The villages outside Mosul have been liberated but the occupying forces (ISIS) have left a ridiculous number of booby traps for people to trigger. A single home may have multiple traps, not just one or two.
The Mine Advisory Group is a non-governmental organization dedicated to mine removal. The group says they have never encountered an area so heavily mined and hazardous as what they're seeing around Mosul.
Toys lie in the street, staked or taped off by experts. Children are taught not to touch any toy in the street because they are wired to bombs buried underneath.
Within homes, the only clue may be something out of place, or a wire left exposed.

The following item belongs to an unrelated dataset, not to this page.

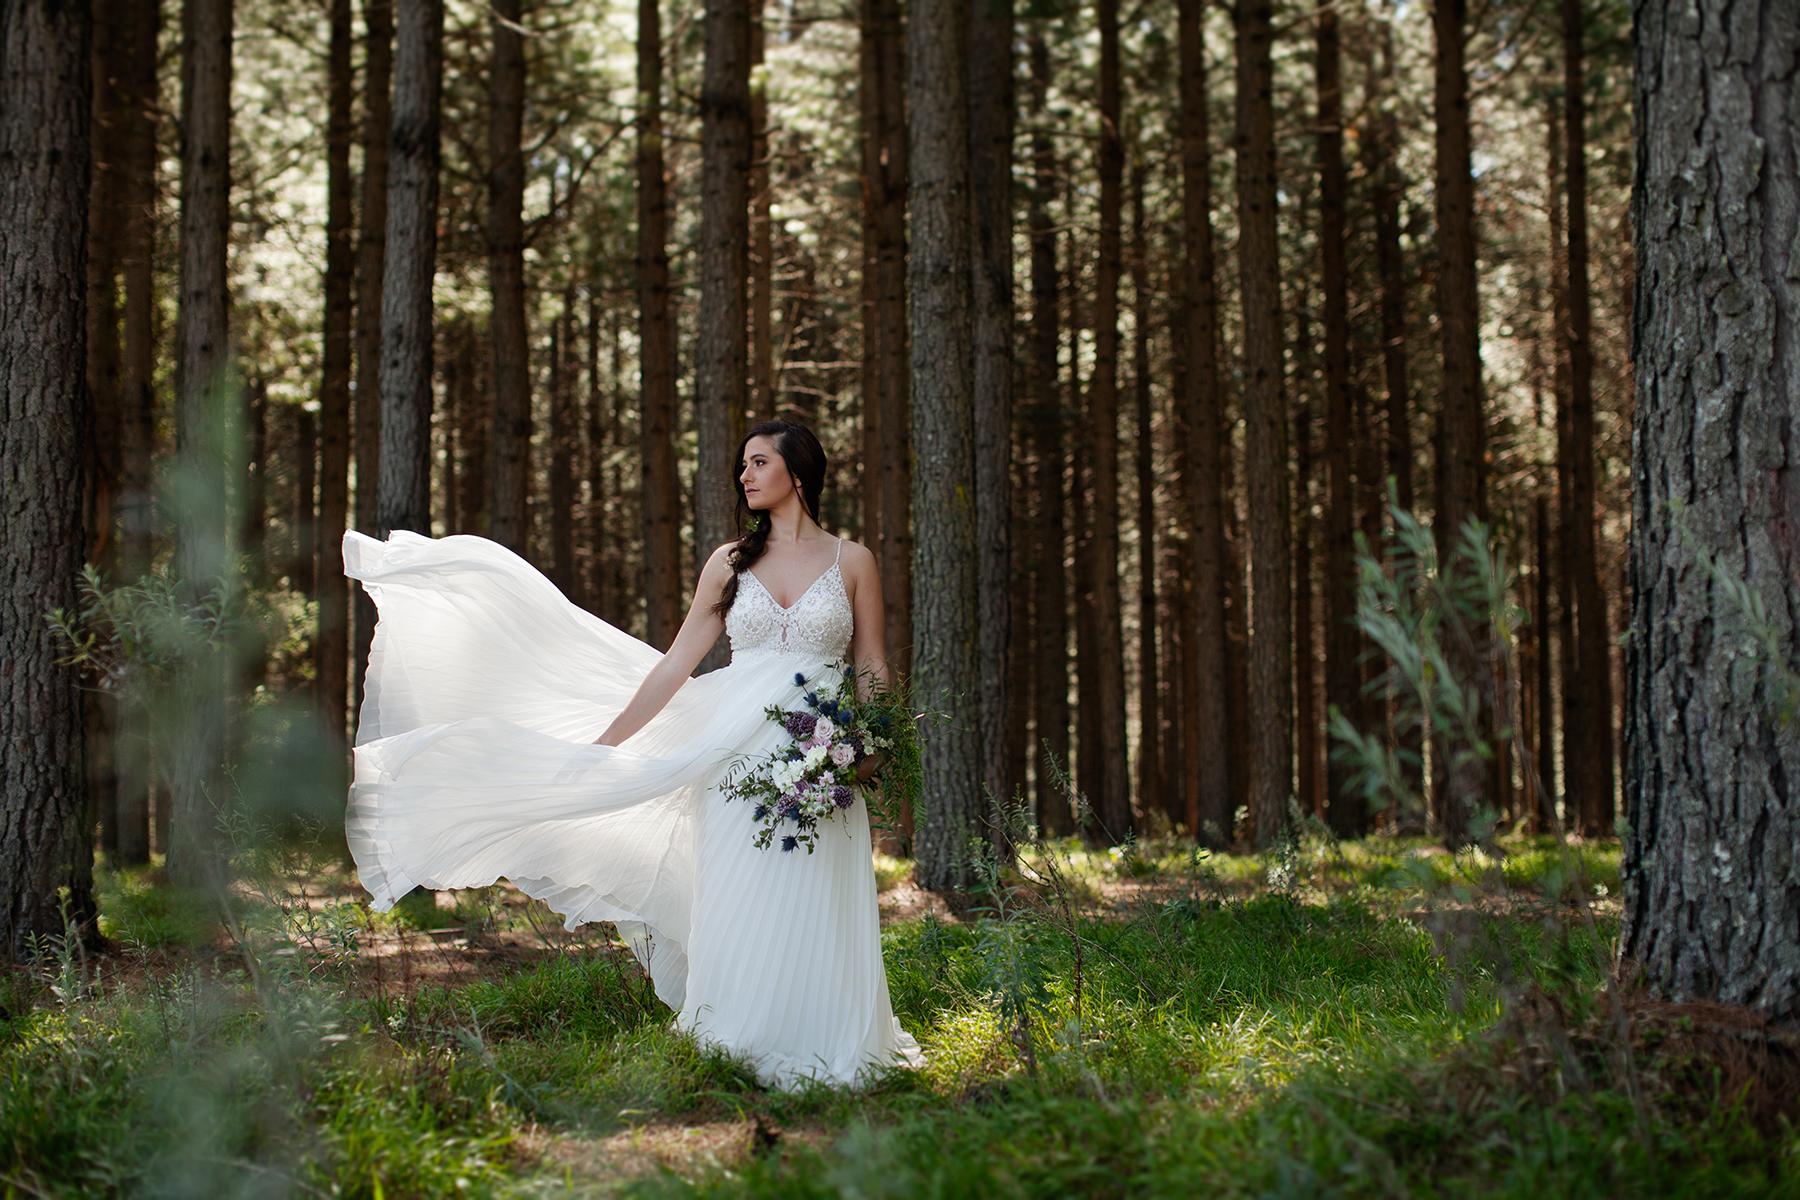 Bridal11Nov2018_HMP_02_Web.jpg

Thousands of people are returning to this very dangerous region because they cannot afford rent where they are staying in other parts of Iraq. Yet they are warned, their houses have been turned into death traps.
Experts arrive quickly to defuse and remove traps, but some people do not recognize the traps before it's too late.
Every day, new traps are discovered and added to the list of those that need to be defused. These are not the dangerous ones, the greatest danger lurks among the undiscovered ones. It is possible that people will encounter booby traps for years, possibly decades to come, depending on how much care was spent in placing them.
Fortunately, most traps were hastily placed, providing clues to wary villagers and experts. In other places, minesweepers can detect buried bombs and mines.
Children are given a special class upon return to the village, taught by ordinance experts. Because children can be careless, naďve or forgetful, they are exposed to the greatest danger. After two years living as refugees, some children might take delight in the fortune of finding an abandoned toy. The toy could even be their own, left behind over two years ago.
Several people have been killed and injured, and such incidents will only continue as people return to Mosul and the rest of the land occupied by ISIS. Fortunately, the classes will continue, and they will save many lives.